## WORK TO BE COMPLETED
Set down the data below exactly; pictures stay out.

## SOURCE MATERIAL
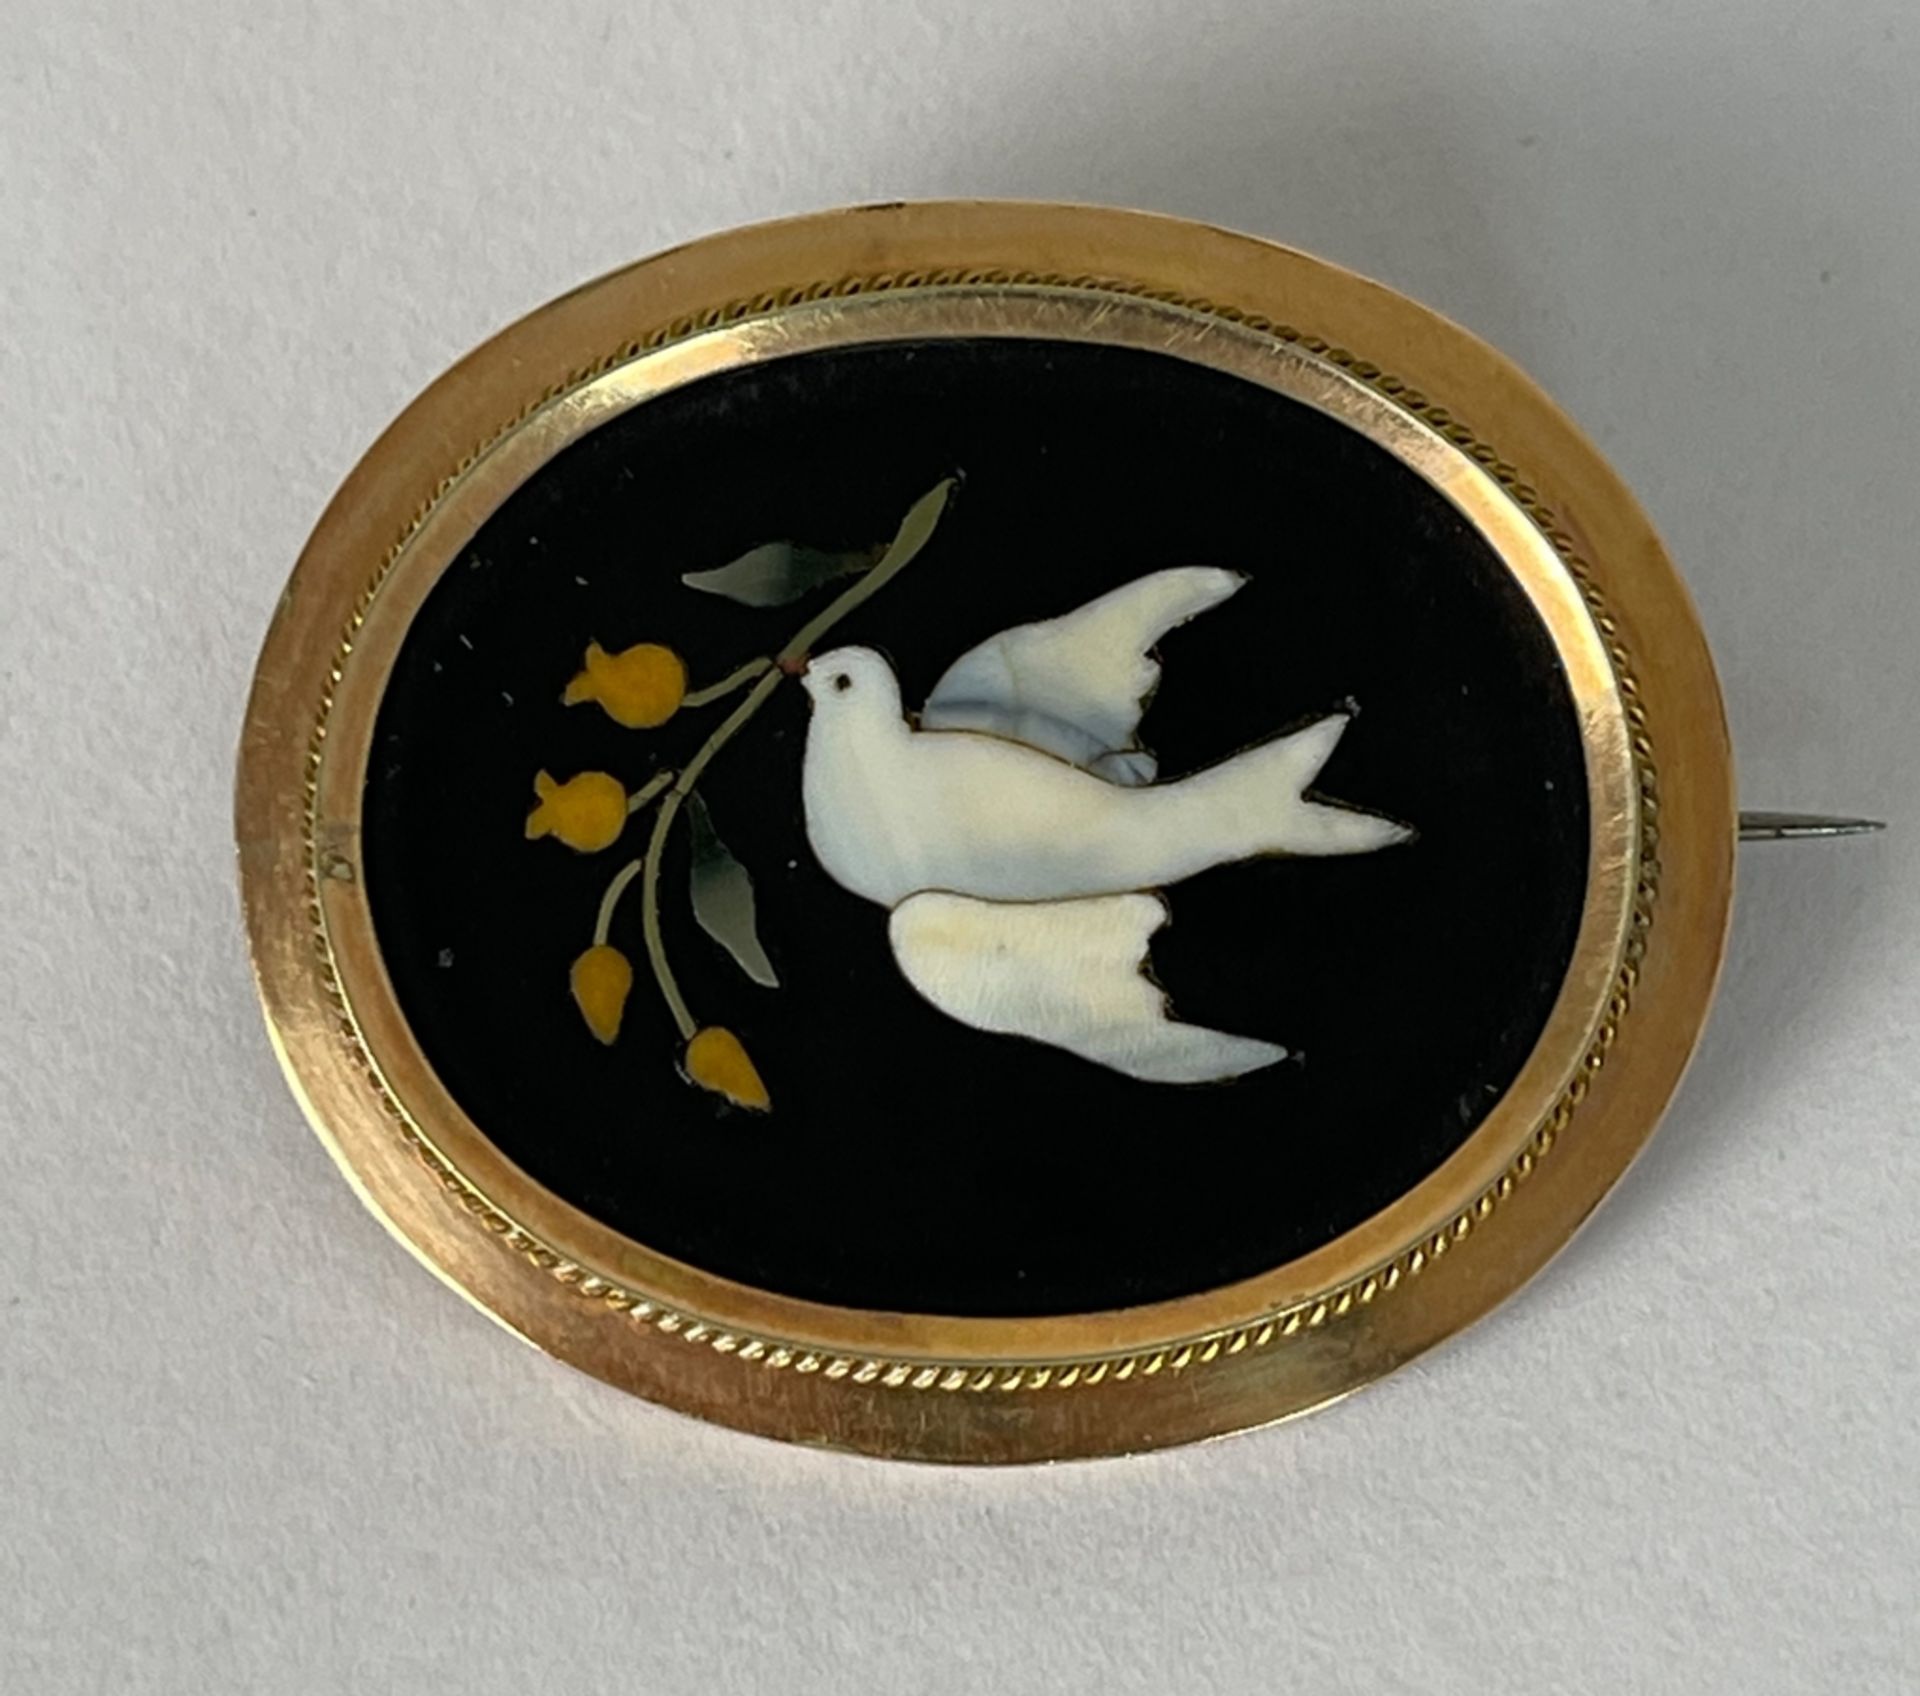 Hochwertige Pietra Dura Brosche "Weiße Taube" in Echtgoldfassung
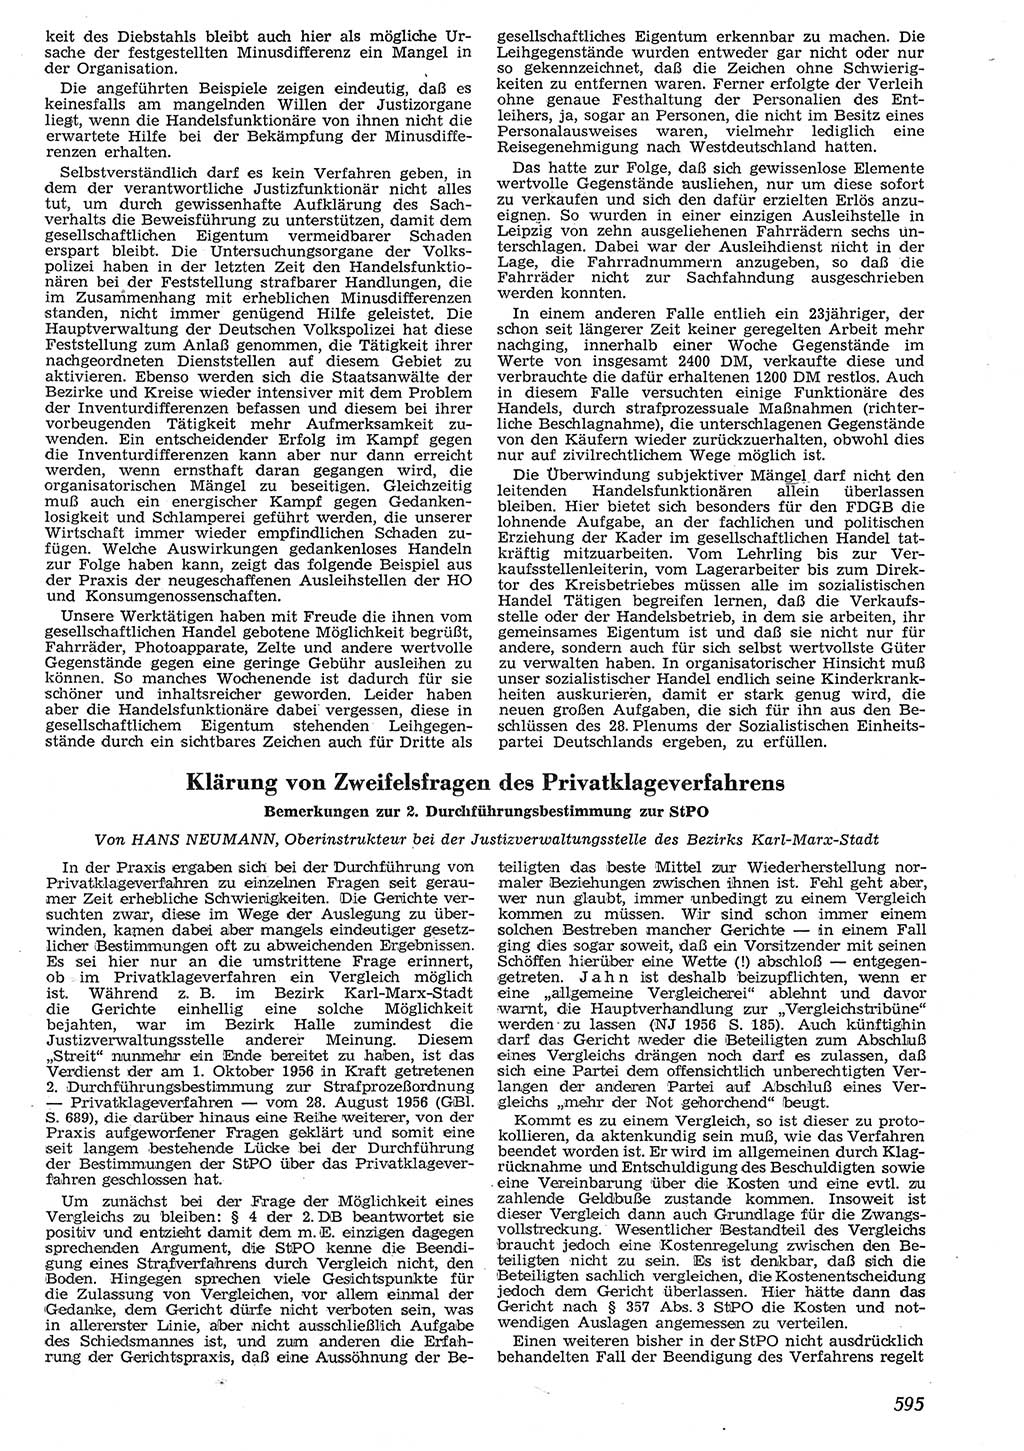 Neue Justiz (NJ), Zeitschrift für Recht und Rechtswissenschaft [Deutsche Demokratische Republik (DDR)], 10. Jahrgang 1956, Seite 595 (NJ DDR 1956, S. 595)
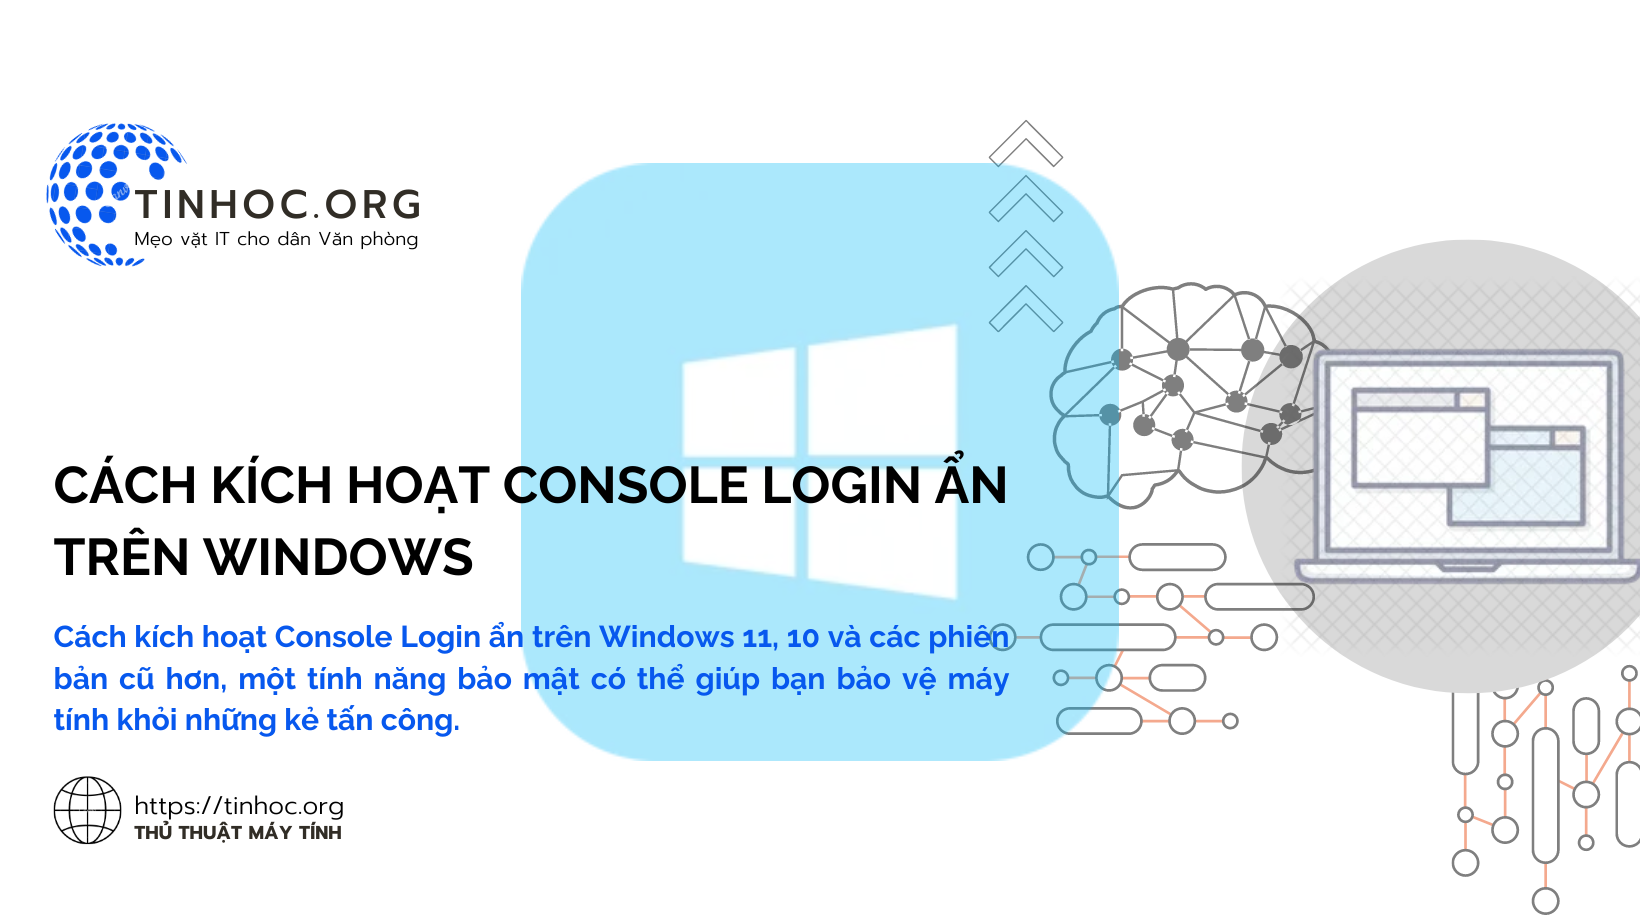 Cách kích hoạt Console Login ẩn trên Windows 11, 10 và các phiên bản cũ hơn, một tính năng bảo mật có thể giúp bạn bảo vệ máy tính khỏi những kẻ tấn công.
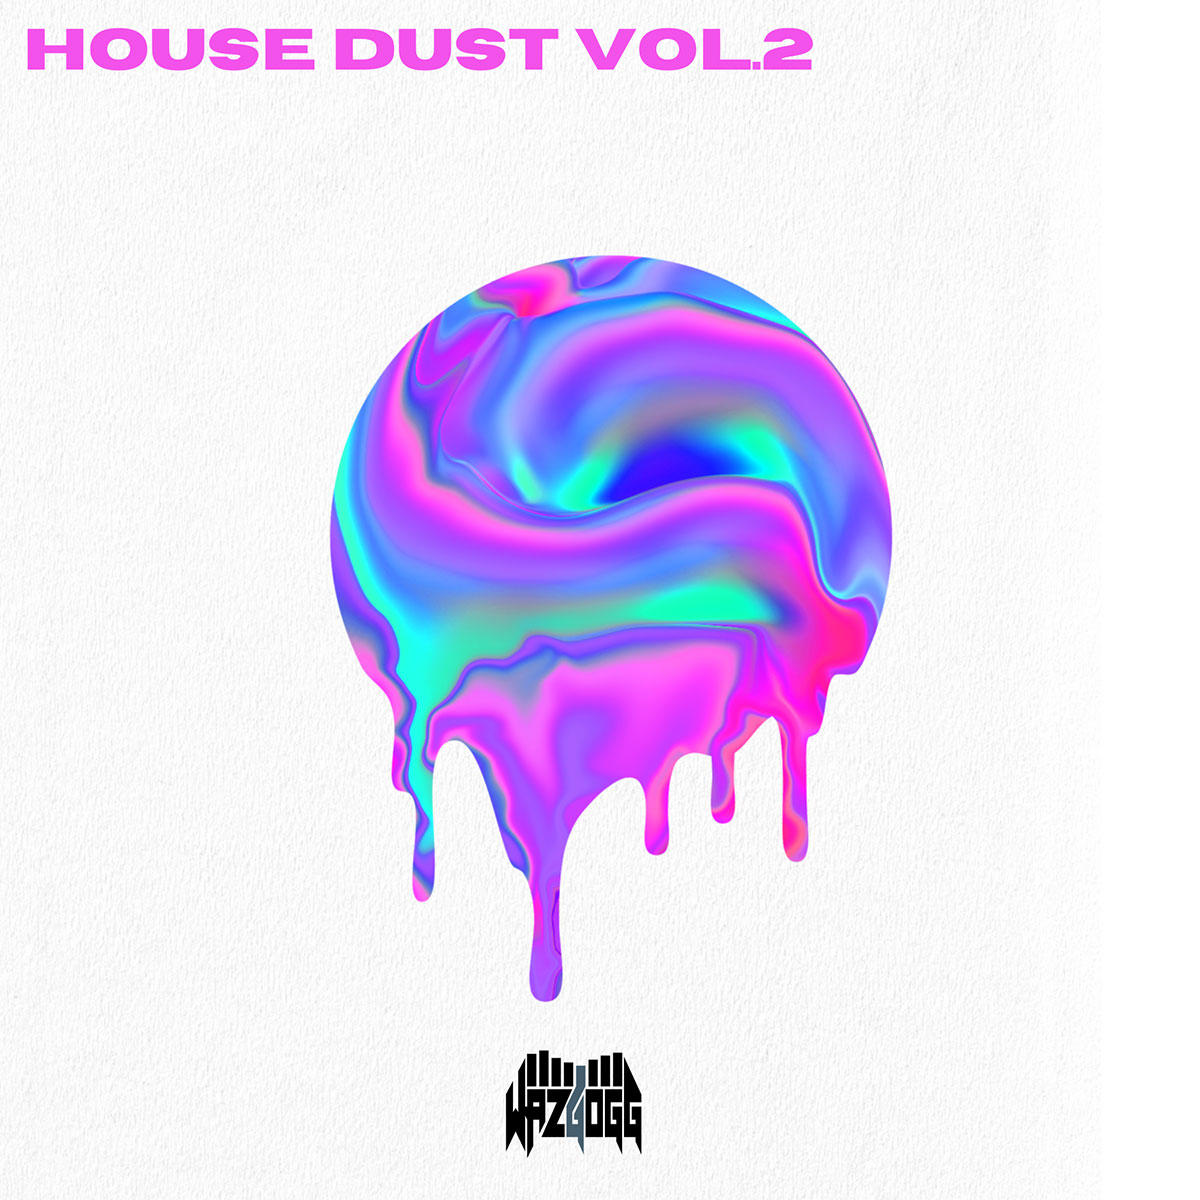 House-dust-vol2_wazgogg_jk_20240228.jpg

## TASK SOLUTION
 Hochwertige Pietra Dura Brosche "Weiße Taube" in Echtgoldfassung
 Neue Justiz (NJ), Zeitschrift für Recht und Rechtswissenschaft [Deutsche Demokratische Republik (DDR)], 10. Jahrgang 1956, Seite 595 (NJ DDR 1956, S. 595)
 Cách kích hoạt Console Login ẩn trên Windows 11, 10 và các phiên bản cũ hơn, một tính năng bảo mật có thể giúp bạn bảo vệ máy tính khỏi những kẻ tấn công.
 House-dust-vol2_wazgogg_jk_20240228.jpg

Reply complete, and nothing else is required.